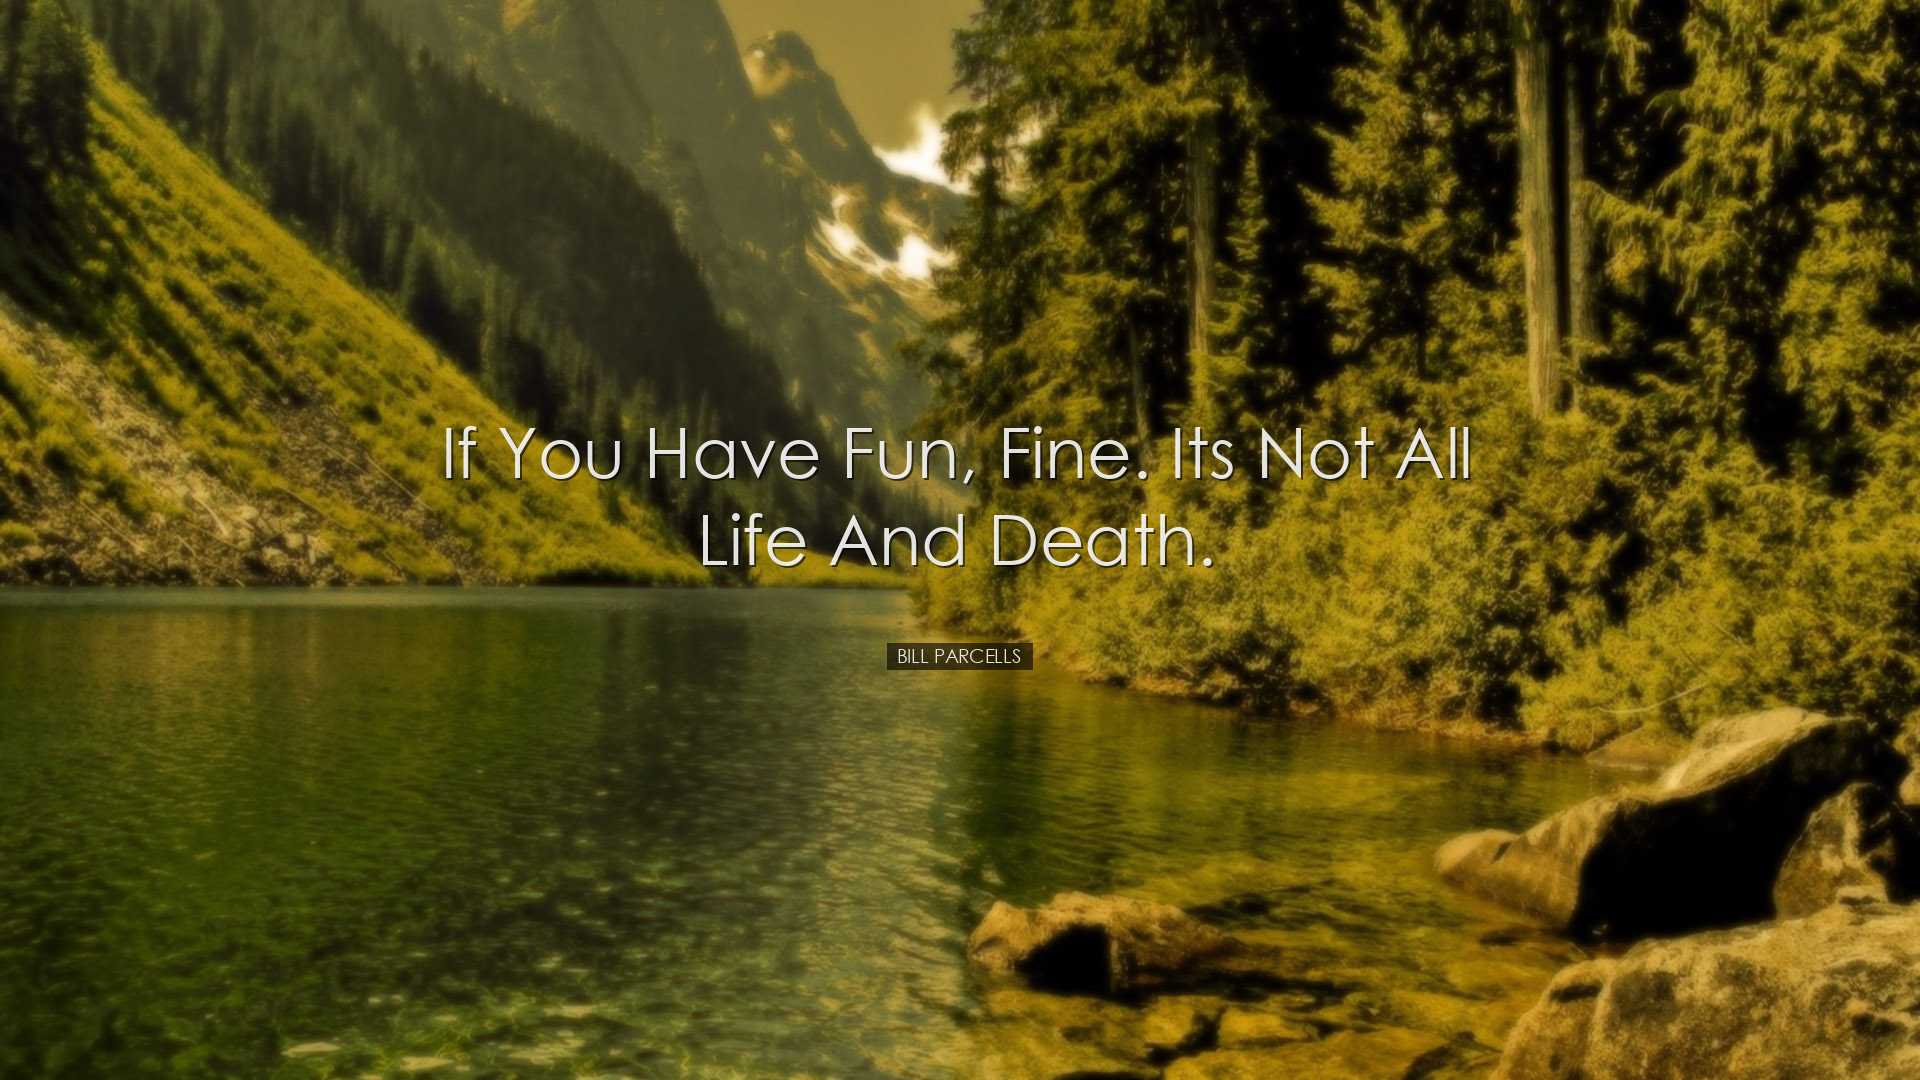 If you have fun, fine. Its not all life and death. - Bill Parcells
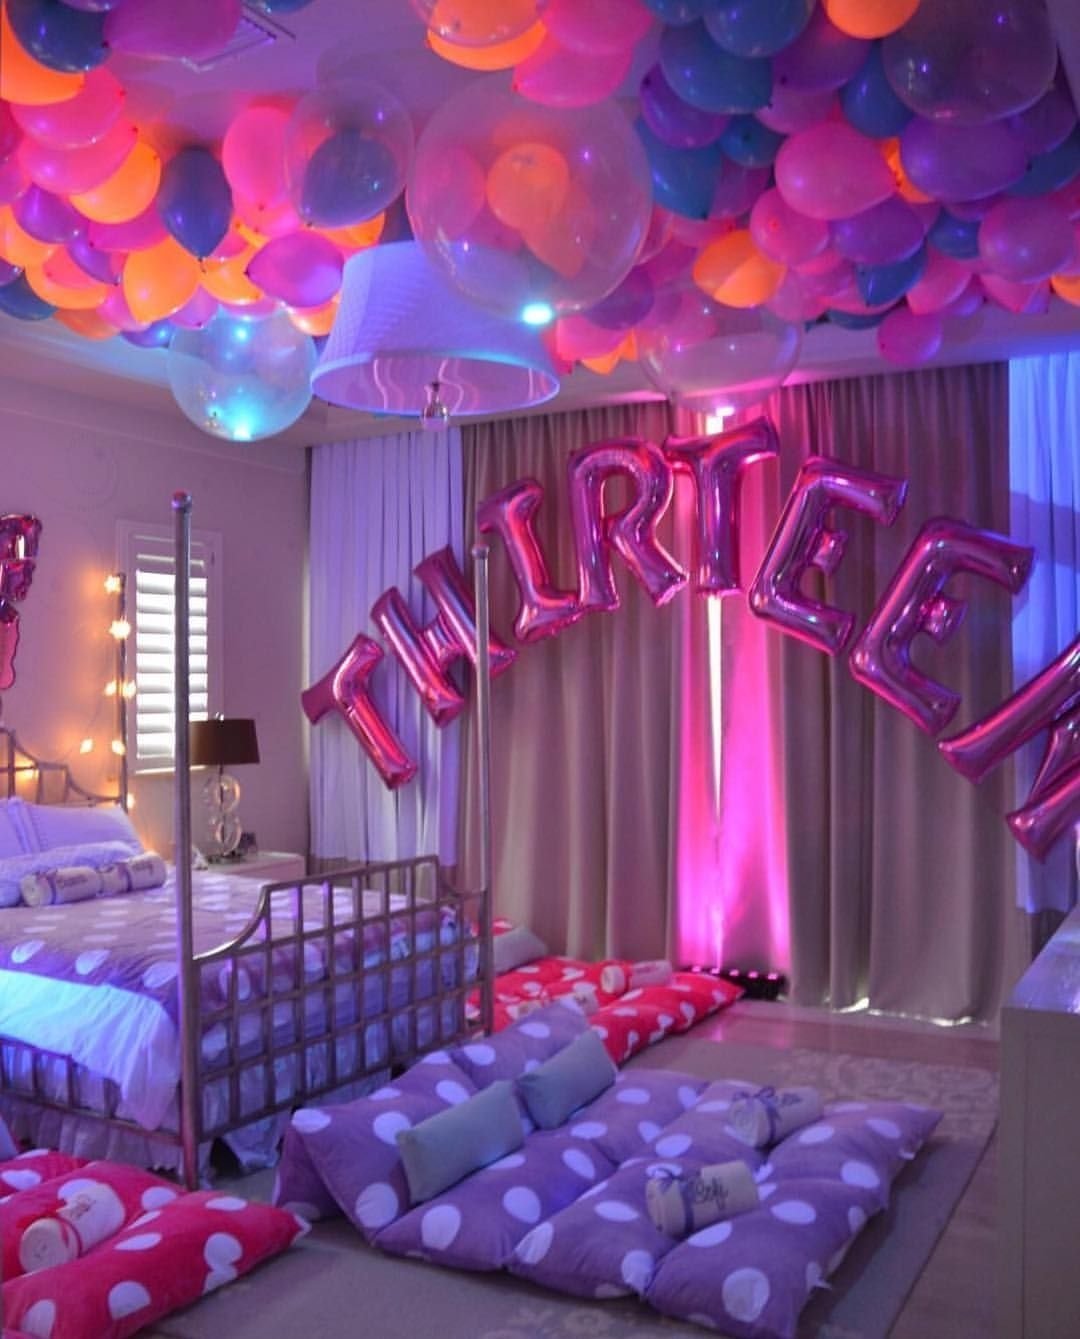 10 Gorgeous Birthday Party Ideas For A 13 Year Old Girl the cutest birthday look for a 13 year old girlcenter stage 2022
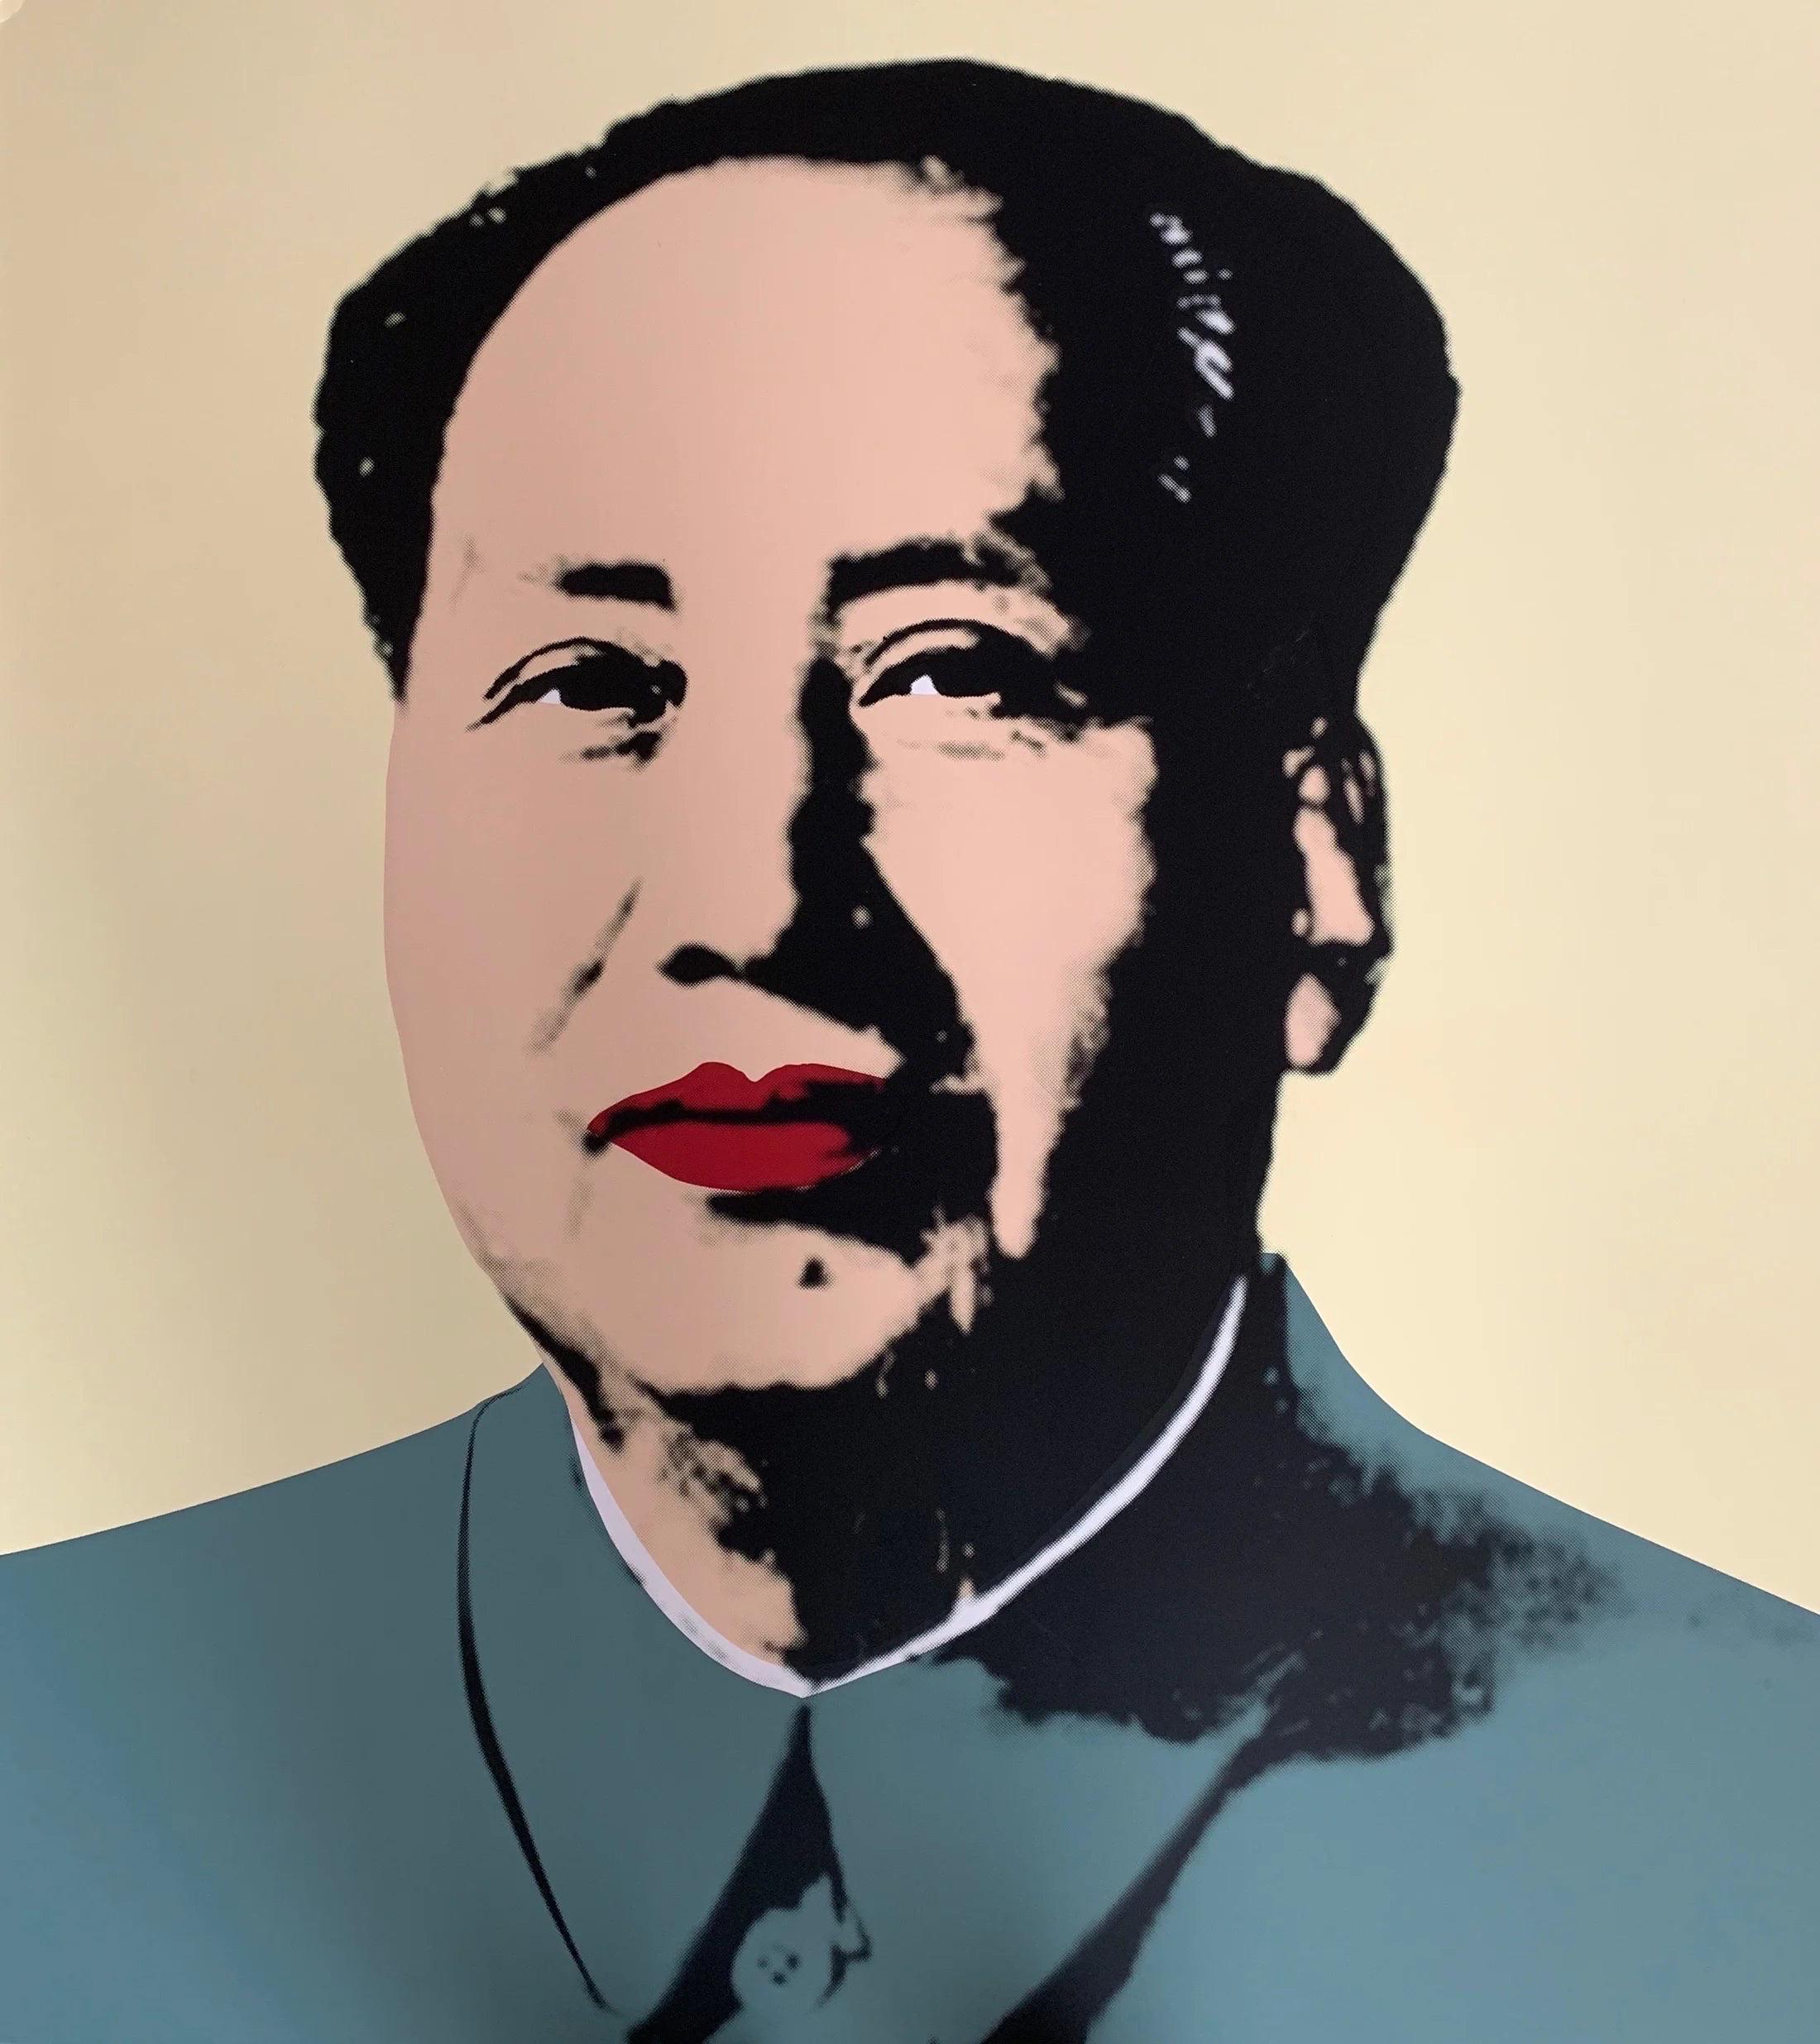 Sunday B. Morning (Andy Warhol) Mao Yellow

Silkscreen print from photo negatives of original Factory Additions stencil on museum quality board. Printed with the highest quality archival inks

75 x 85 cm  29.52 x 33.46 in 

Andy Warhol lithograph by
--------------------------------------------------
What the exercise asks.
Starting at the line with "29.52 x 33.46 in", print each remaining line of the listing above exactly as it appears.

Solution.
75 x 85 cm  29.52 x 33.46 in 

Andy Warhol lithograph by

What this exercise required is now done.